Après plusieurs années de procédures, totalement ruiné et complètement
« démoli » tant moralement que physiquement, il est enfin reconnu innocent.
Le mal est fait et sa vie est définitivement brisée. La manipulatrice a
gagné sur tous les plans.

■ La dissimulation des attaques
Le manipulateur s’arrange toujours pour détruire ses victimes sans se
faire remarquer d’elles. Il détruit, mais en le dissimulant à ceux qu’il
cherche abattre. Ce type de manipulation s’apparente à une destruction
discrète, silencieuse et sans visage pour ceux qui ne savent ou qui ne
veulent pas la voir.

Laure est chef de service et déjeune tous les jours à midi avec Christiane,
une collègue et amie. Elles profitent de ces moments de détente pour parler
de choses et d’autres et aussi pour échanger des idées ou des conseils,
lorsqu’elles rencontrent des difficultés particulières. Progressivement,
Laure est mise sur la touche et voit ses responsabilités fondre comme neige
au soleil. Après lui avoir régulièrement reproché des fautes sans fondements,
son supérieur lui retire toutes ses responsabilités d’encadrement et
la nomme à un poste où elle n’a plus personne à diriger. Longtemps, elle a
cherché à comprendre ce qui lui était arrivé. Elle parlait souvent avec Christiane
de ce que son chef lui faisait subir. Elle tenta, mais en vain, d’obtenir
des explications et chercha quelles étaient les raisons de sa disgrâce. Elle
se sentait coupable et perdit confiance en elle.
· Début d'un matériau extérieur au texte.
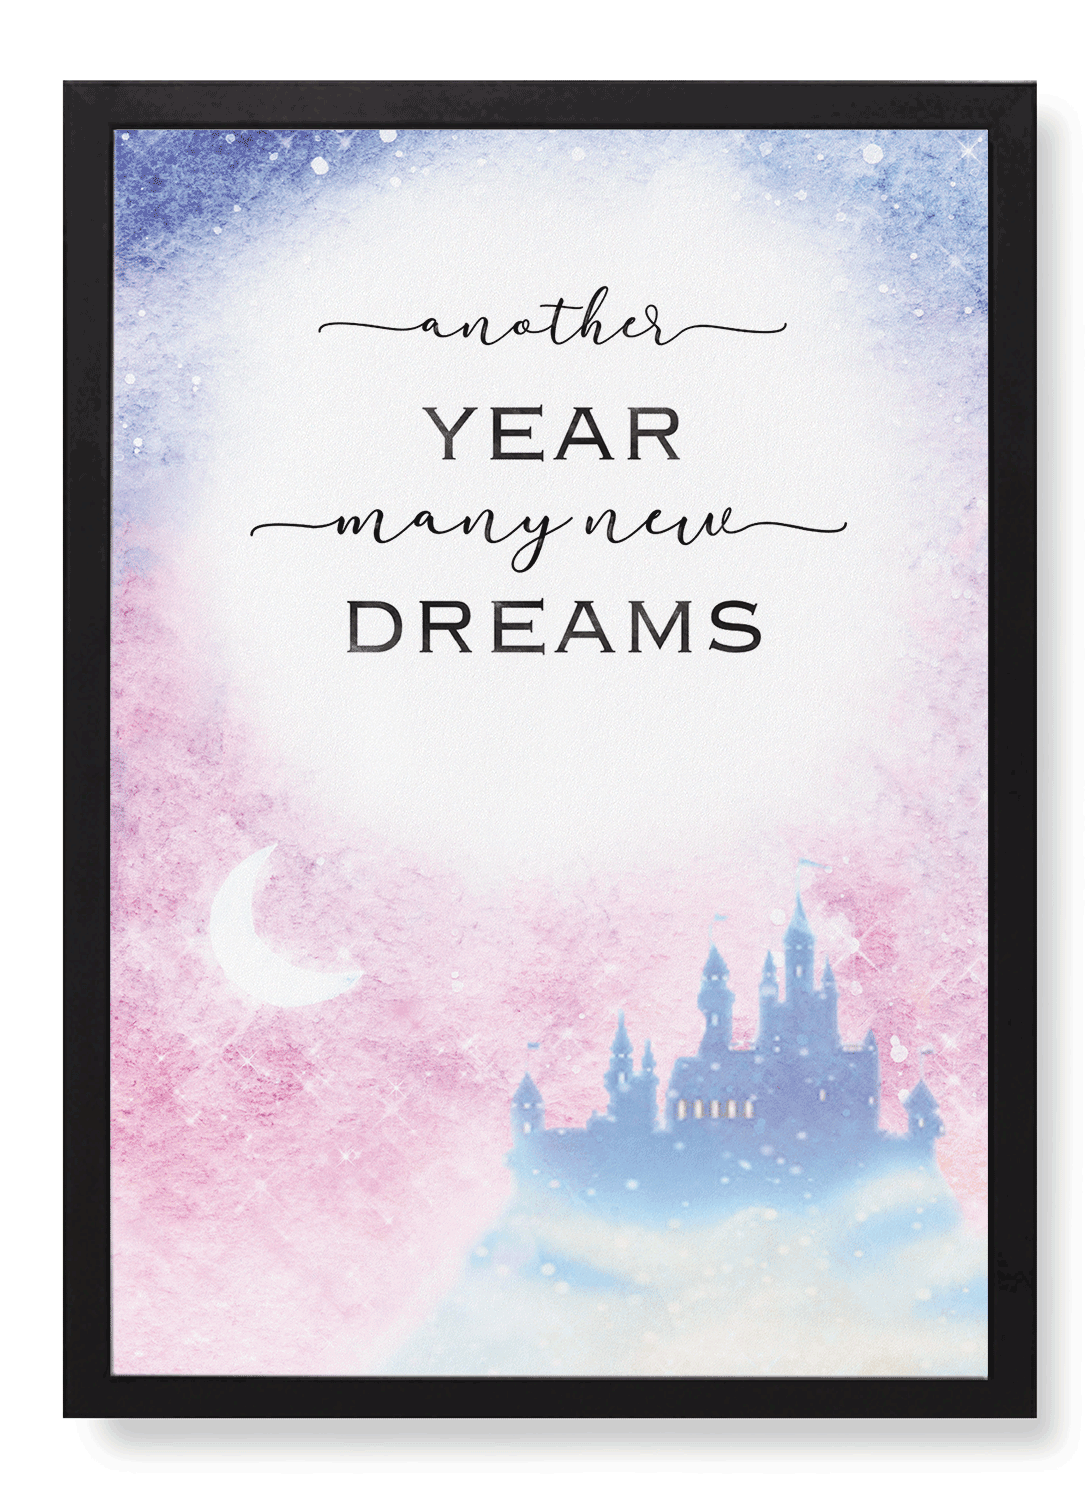 A YEAR OF DREAMS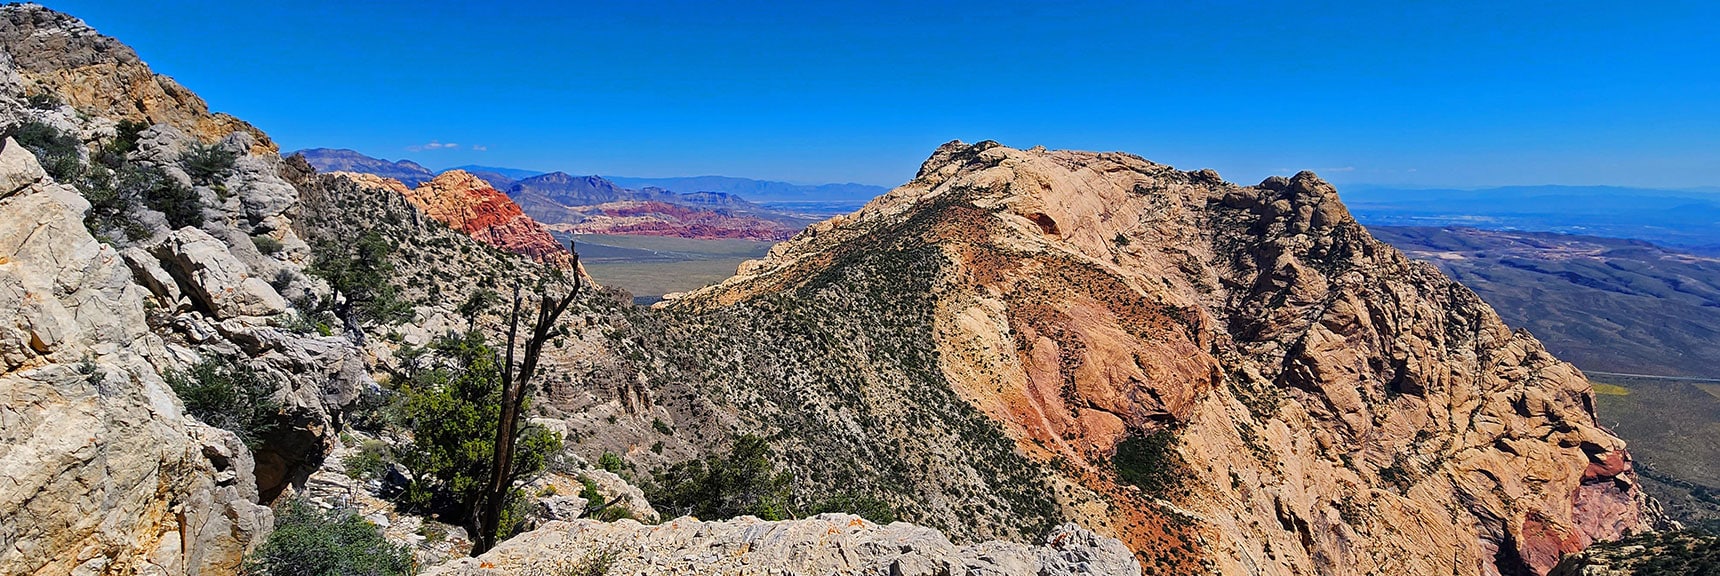 View of Mt. Wilson from Same Spot on Rainbow Mt. Upper Crest Ridgeline | Landmark Bluff | Lovell Canyon, Nevada

Un jour, enfin, elle constata
que son « amie » Christiane assurait désormais ses anciennes fonctions et
reprenait à son nom les projets qu’elle avait initiés. Laure réalisa, mais un
peu tard, l’origine de son malheur.
Dans un ouvrage précédent, nous avions déjà abordé le comportement
malfaisant de celui qui n’attaque pas ouvertement et qui emploie des
moyens détournés pour abattre sa victime. Nous parlions alors d’hostilité
dissimulée3. Aujourd’hui, nous complétons cette notion en donnant
le nom de manipulatueur à celui qui adopte un tel comportement.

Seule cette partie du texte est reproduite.